MOLLIER DIAGRAM - Het stoomschip Christiaan Brunings

Mollier diagram
Het ENTROPIE diagram van Mollier, waarin de ENTHALPIE W. als functie van entropie S is
uitgezet, dus het WS diagram.
Zodra de verzadigde stoom de cilinder binnenstroomt en de omzetting van warmte naar arbeid
begint, daalt de ENTHALPIE. Dat proces verloopt langs de isentroop (een verticale adibaat
van constante entropie) in het WS diagram. Het snijpunt van de damplijn, 100% stoom, en de
gemeten druk, in dit geval 12 ata is het uitgangspunt. De stoom expandeert tot de tegendruk
na de LD schuifkast (lijn A-B), b.v., i.g.v. een condensor, 0,1 ata. leest men nu de calorische
waarde op dat snijpunt dan zijn er in dit geval 175 kcal verbruikt. In dit voorbeeld heeft men
berekend dat men 5 kg stoom per PK nodig heeft. Het thermisch rendement is dan 632/ 5 x
175= 72 % . Watergehalte is dan theoretisch 22%. Zet nu de 72 % af op de lijn AB (A-C).
Trekt men door C een verticale lijn door naar 0,1 ata dan ziet men dat het water gehalte
slechts 13 % bedraagt. Dit is het gevolg van smoring bij inlaat en vooral bij uittredende
stoom.
Deze kennis verschaft een basis tot economische bedrijfsvoering. Aangetoond wordt dat de
eindtoestand van de stoom het rendement van de warmtewisselaar, dit is de compound
machine, bepaalt. De begindruk van de stoom moet afgestemd zijn op de gunstigste
eindtoestand. Het expansievoud van de “warmtewisselaar” is bepalend voor de stoomdruk bij
intreden, bij een zuigermachine, zoals de expansie machine ligt deze vast, het excentriek
bepaald de inlaatschuifslag, de inlaatschuif het moment van openen en sluiten. Kort gezegd,
de vulling is een basis gegeven. De schaar beperkte mogelijkheid tot “fine tuning”. Een
Bauerwach turbine verruimt de mogelijkheid tot vermogens variatie eveneens. Zie SS Titanic.

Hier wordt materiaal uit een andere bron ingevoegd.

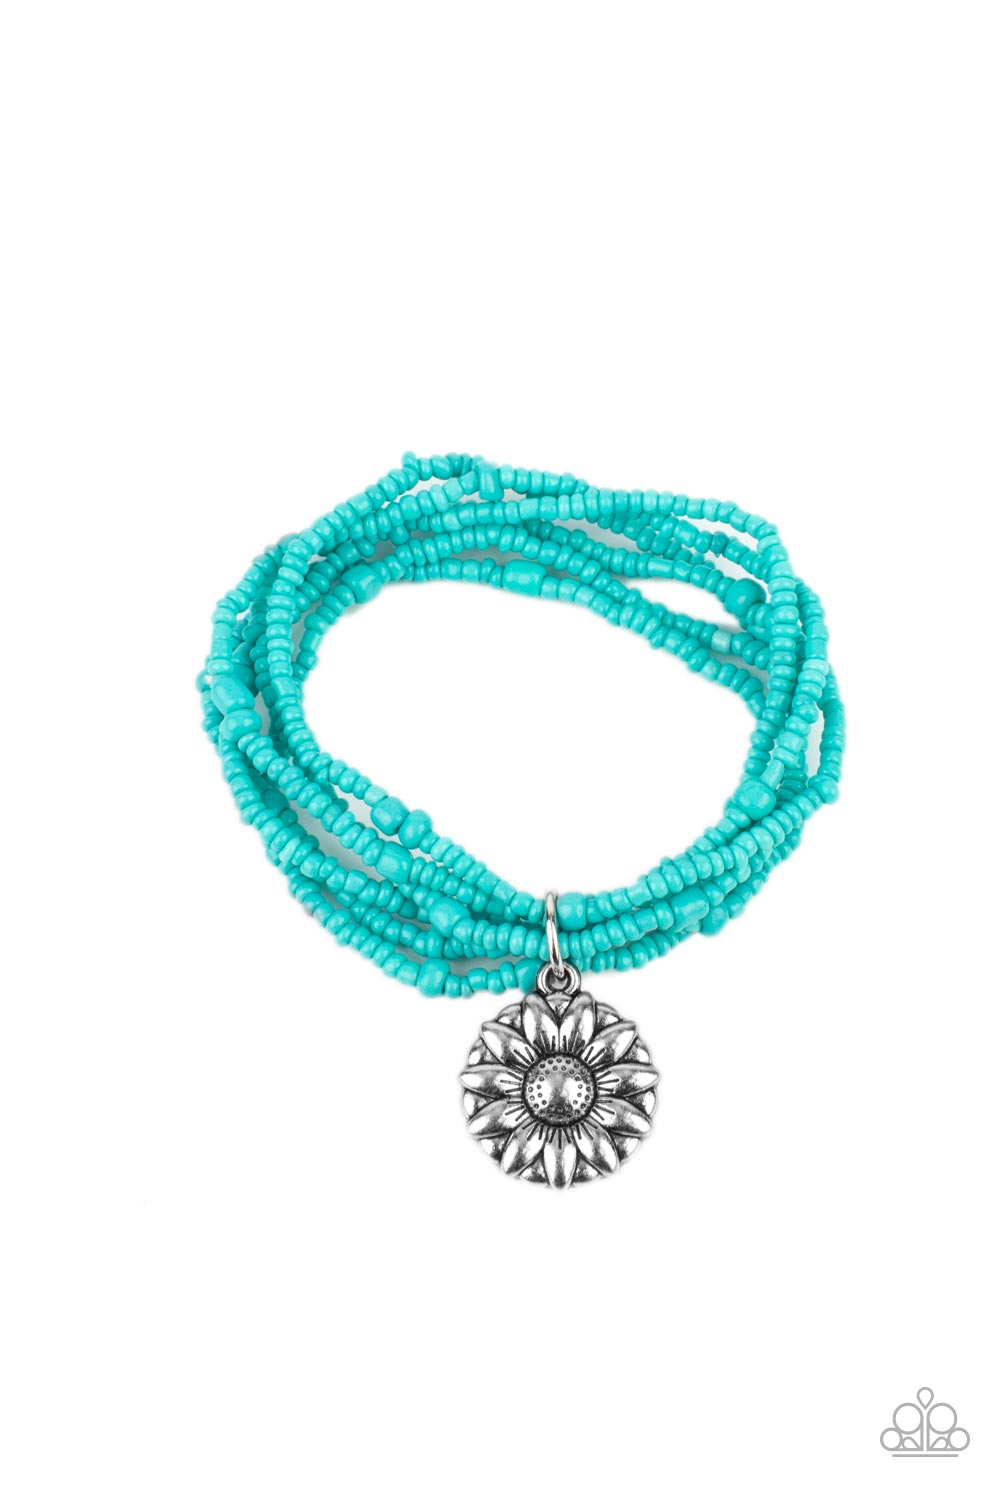 Badlands Botany Turquoise Blue Seed Bead Flower Bracelet - Paparazzi Accessories - lightbox -CarasShop.com - $5 Jewelry by Cara Jewels

Het diagram maakt duidelijk dat een hoge inlaatdruk economisch is, in vergelijking met
stoom van lagere druk. Een inlaat van stoom van 12 bar levert volgens de lijn A-B 175 Kcal,
die van 4 bar 105 Kcal, terwijl het verschil tot vorming van de stoom 13 kcal is, ergo, 57
kcal /kg stoom oftewel 40% winst. De vulling laten wij even buiten beschouwing, stel deze
maar 2 op 1.
Wat zijn de restricties. Restricties tijdens het ontwerp, lange tijd was een keteldruk van boven
de 5 bar verboden, tevens bestond de kennis zichtbaar in het Mollier diagram niet, Mollier
publiceerde deze pas in 1904. Pas in 1923 werd zijn naam eraan verbonden. Wel werden de
grenzen van de keteldruk eind 1870 al verlegd, de druk werd steeds hoger. Het was
noodzakelijk, zelfs met een Suez Kanaal, 1869, was het nauwelijks haalbaar om met de
zeilvaart te concurreren. Meer vracht, grotere actie radius, minder kolen was de enige optie.
Door betere en betrouwbare ketels te bouwen, werd het mogelijk om de druk voor de HD cil.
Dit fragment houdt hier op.